How building a reflection, together with the students and the inhabitants, without falling down in the utopia of Tabula Rasa (i.e. demolition) or invoking the role of the architect as a god?
We have asked to the students to invent likely histories that, on the one side, from a side they mandatorily had not to offend the inhabitants, and, on the other side, they had to be likely, plausible.
5 histories:
Documentary on the esoteric characteristics of the 4000’s plan;
Website of a real estate office promoting homes at 10 minutes from Paris;
Inventing histories about the naissance in the neighbourhood of very important artists (fake interview);
Discovering of archives of the Communist Party (Karl Marx cited La Courneuve);
Architectural documentary on the 4000;
Game;
Wheels of the fortune;
Type of tourists; money available; time and period of visit, etc.;
Inhabitants, in groups of three, they had to deal with the tourists attributed by the wheels, and they had to build together a route choosing their symbolic places
What to do with this whole experience, these information, and these emotions?

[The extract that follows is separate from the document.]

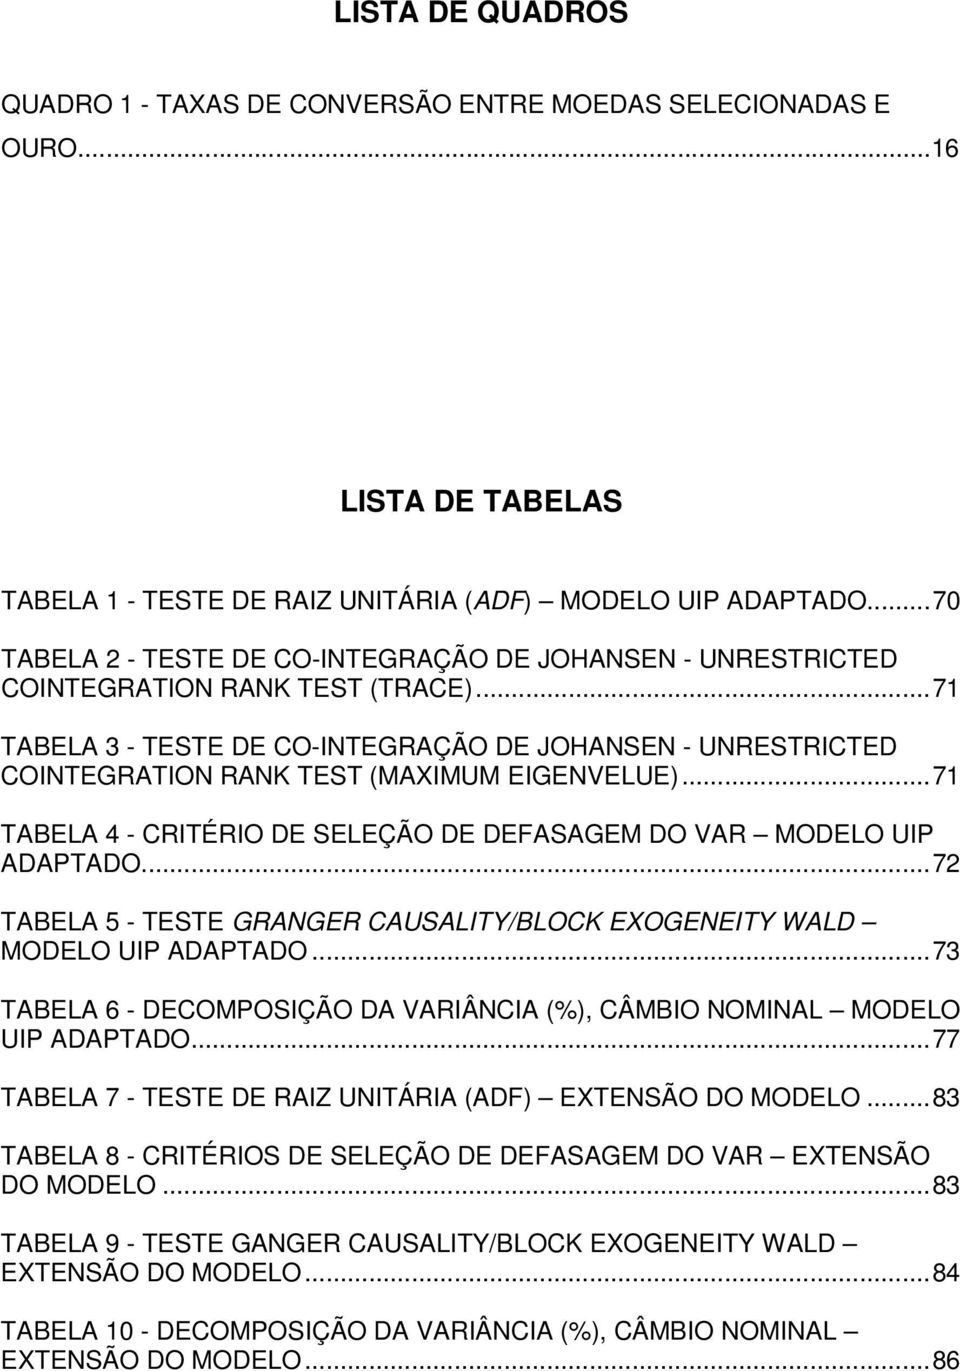 ..71 TABELA 3 - TESTE DE CO-INTEGRAÇÃO DE JOHANSEN - UNRESTRICTED COINTEGRATION RANK TEST (MAXIMUM EIGENVELUE)...71 TABELA 4 - CRITÉRIO DE SELEÇÃO DE DEFASAGEM DO VAR MODELO UIP ADAPTADO.
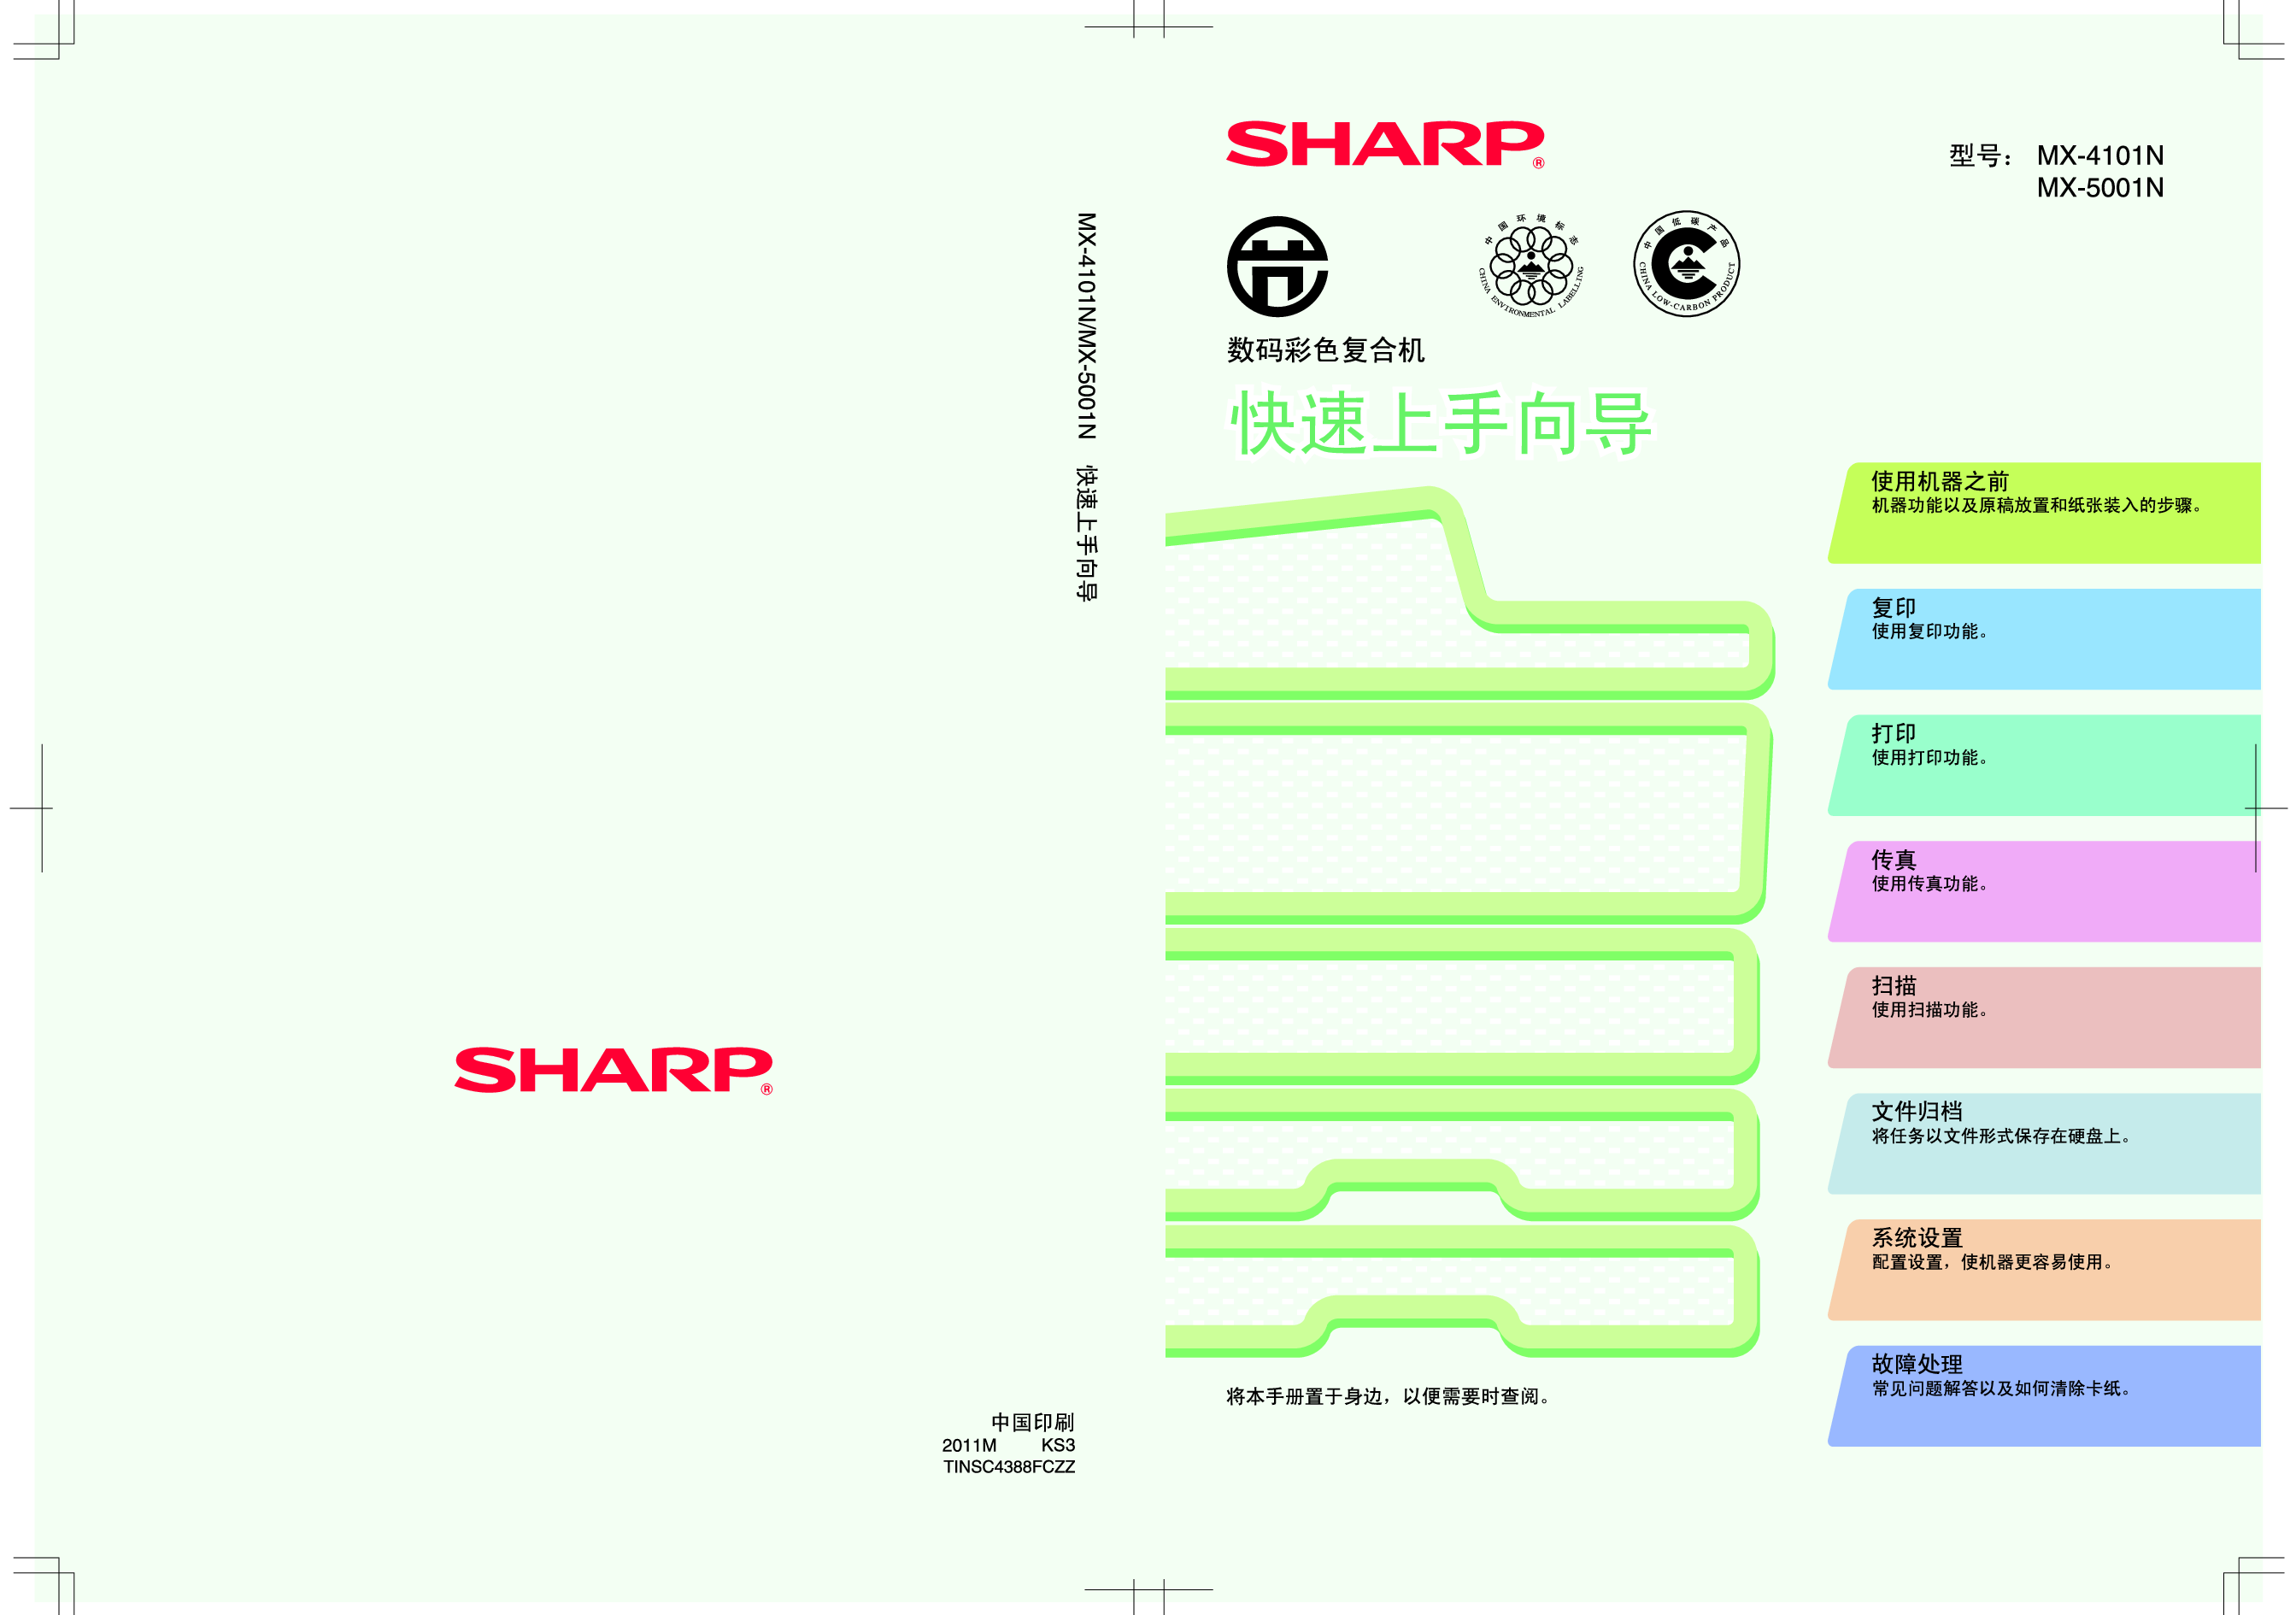 夏普 Sharp MX-4101N 快速用户指南 封面

Where is the project? What must we do now?
A final form, a project, a delivery, was needed by the students.
The choice of the tourist guide is seemed the most appropriate and, so, analysing and mapping all the information proposed by the inhabitants, they produced 3 tourist guides of the 4000 south:
of the gastronomy, for children and the green guide.
But the project was already there, before.
The questioning, the construction of unexpected questions, the finding of the right medium to get in contact with the territory and its inhabitants, and the patience to catch the details, the "almost nothing”, all of this makes us share the daily-life: this is a project!
It cannot be designed as it should be but it is full of words, images, energies that I hope anyone could share as often as possible.